The biggest threat to public safety looms over our great state of Alabama like a storm cloud. Our prison system is grossly over capacity, doesn’t rehabilitate those who need it the most, and places a burden on our parole officers and other officials who can’t handle the unnecessarily high-intake volume.
The good news is that the Legislature has already taken steps to address those problems, and we have the opportunity to ensure proper funding in the current special legislative session to make sure these reforms begin to take hold.
Last year, Governor Bentley appointed a task force to identify the most egregious problems and their underlying causes in our prison system. The task force recommended immediate sentencing reform, information sharing systems, and finding a more effective means of punishment that emphasizes community protection and rehabilitation. These findings reflect an endemic problem in our misguided incarceration policies: one that locks people up with little care, then lets them go free, completely missing the mark on providing our fellow community members with the care they actually need to get better.
Most significant is the mental health treatment many need in the community. It is a problem that impacts everyone. The safety of our communities, the cost to taxpayers of locking people up, and the well being of Corrections employees are all challenged by a system that was not designed to effectively provide mental health treatment.

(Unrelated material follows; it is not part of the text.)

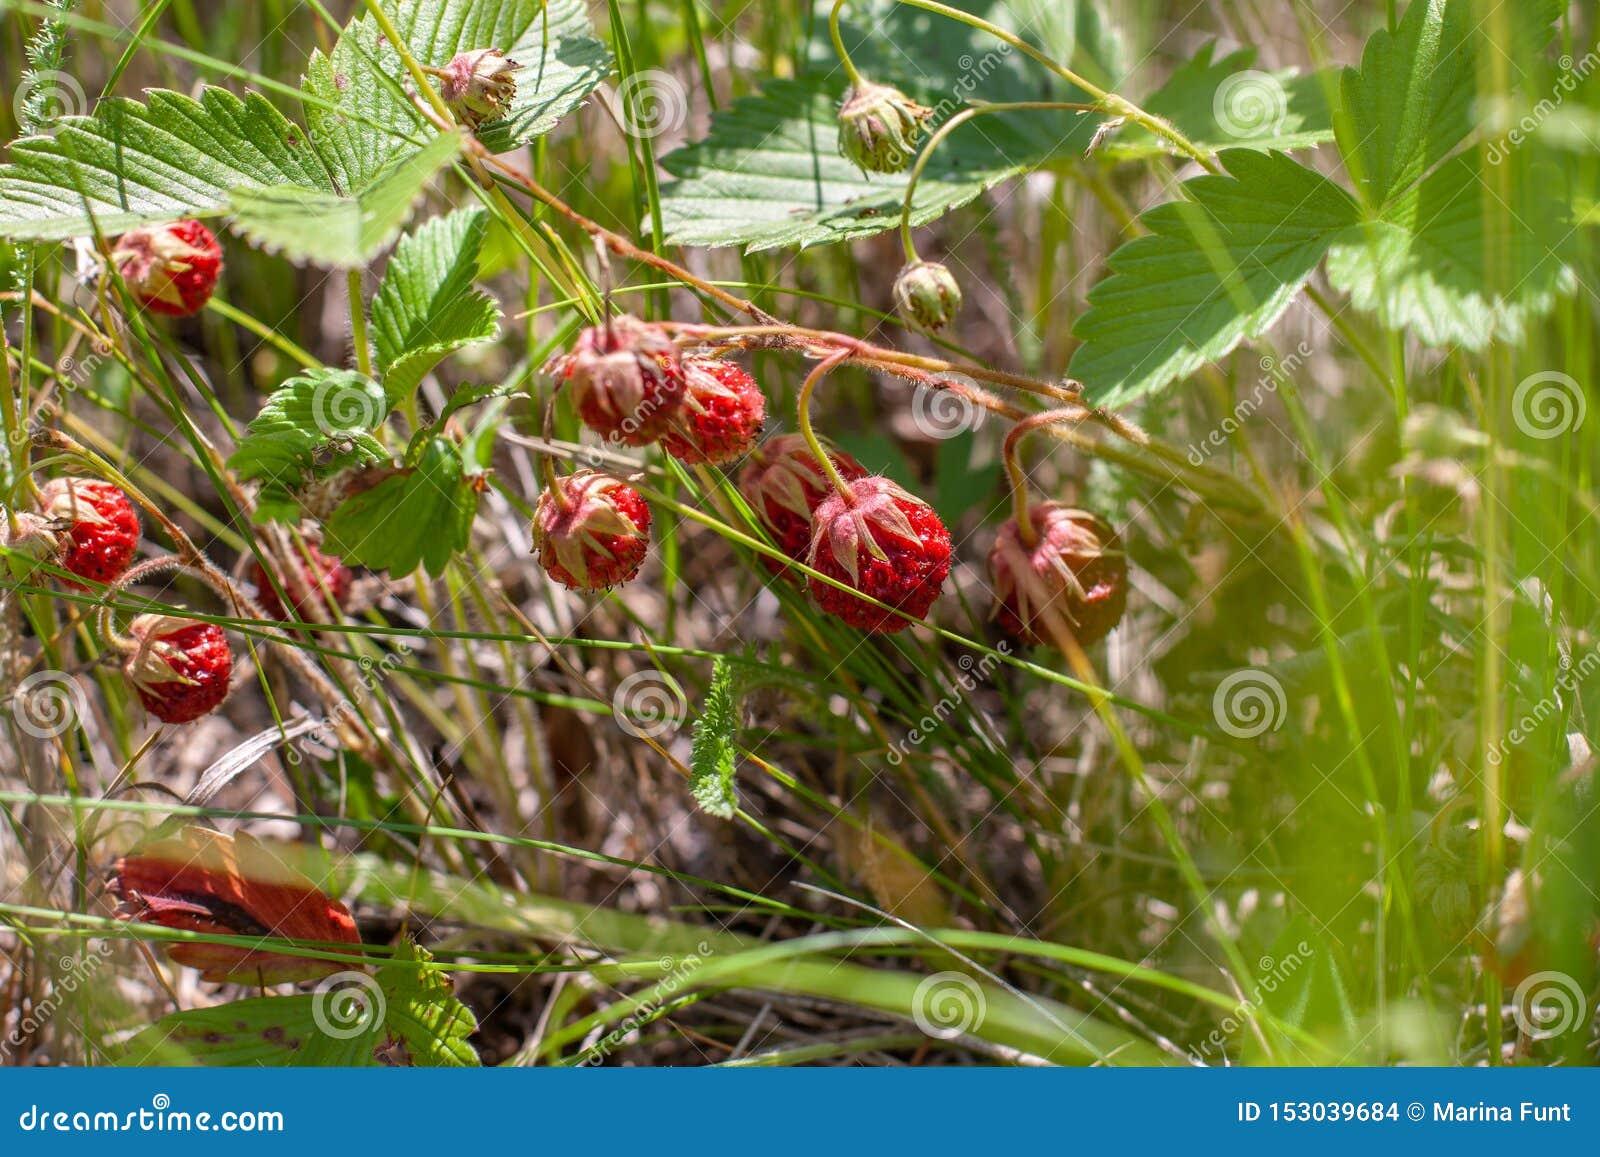 Ο τομέας φραουλών αυξάνεται μεταξύ της πράσινης χλόης r

In an unprecedented move by the Legislature in the regular session that ended in June, both sides of the aisle joined together to pass significant prison reform (Senate Bill 67). The legislation’s bipartisan support and its merits have earned Alabama praise from prison reform advocates all over the country. Democrats and Republicans can’t agree on much, but prison reform is definitely an area we all agree needs our focused attention.
Senate Bill 67 offers substantial and meaningful reform that will redefine our criminal justice system. Most importantly, it will work to identify those who need help and set them on the right path, rather than putting them behind bars and then back on our streets as repeat offenders.
The cost savings for taxpayers are significant and the implications for a more just society are priceless.
But this clearing in the storm will become the eye of a hurricane if the Legislature doesn’t act swiftly to pass a General Fund budget that fully funds prison reform and mental health services.
I reluctantly voted for the Senate budget in the August special session because I believed it was the best we could get under the circumstances. But I knew it both under-funded the prison reforms that SB67 called for and Mental Health. The latter shortfall would put enormous strain on county jails and the Department of Corrections, since experience shows that neither is properly equipped to provide inmates effective mental health services.
But the current special legislative session gives us another chance to make things right. If the elected officials of this self-proclaimed “10th Amendment state” don’t solve our own problems the federal Department of Justice will swoop in and take over, at deep cost to Alabama’s taxpayers.
So, let us shine as an example of model reform for the rest of the country and follow through on the promise we made when we passed SB67. It’s time for legislators to stand up and accept the responsibility the people of Alabama gave us when they sent us to the Capitol. The Legislature should pass a budget that fully funds prison reform and provides adequate mental health care and treatment for those who need it most.
We have the power to create a better Alabama, and the time is now.
State Senator Cam Ward (R-Alabaster) is Chairman of the Senate Judiciary Committee and Chairman of the Prison Reform Task Force.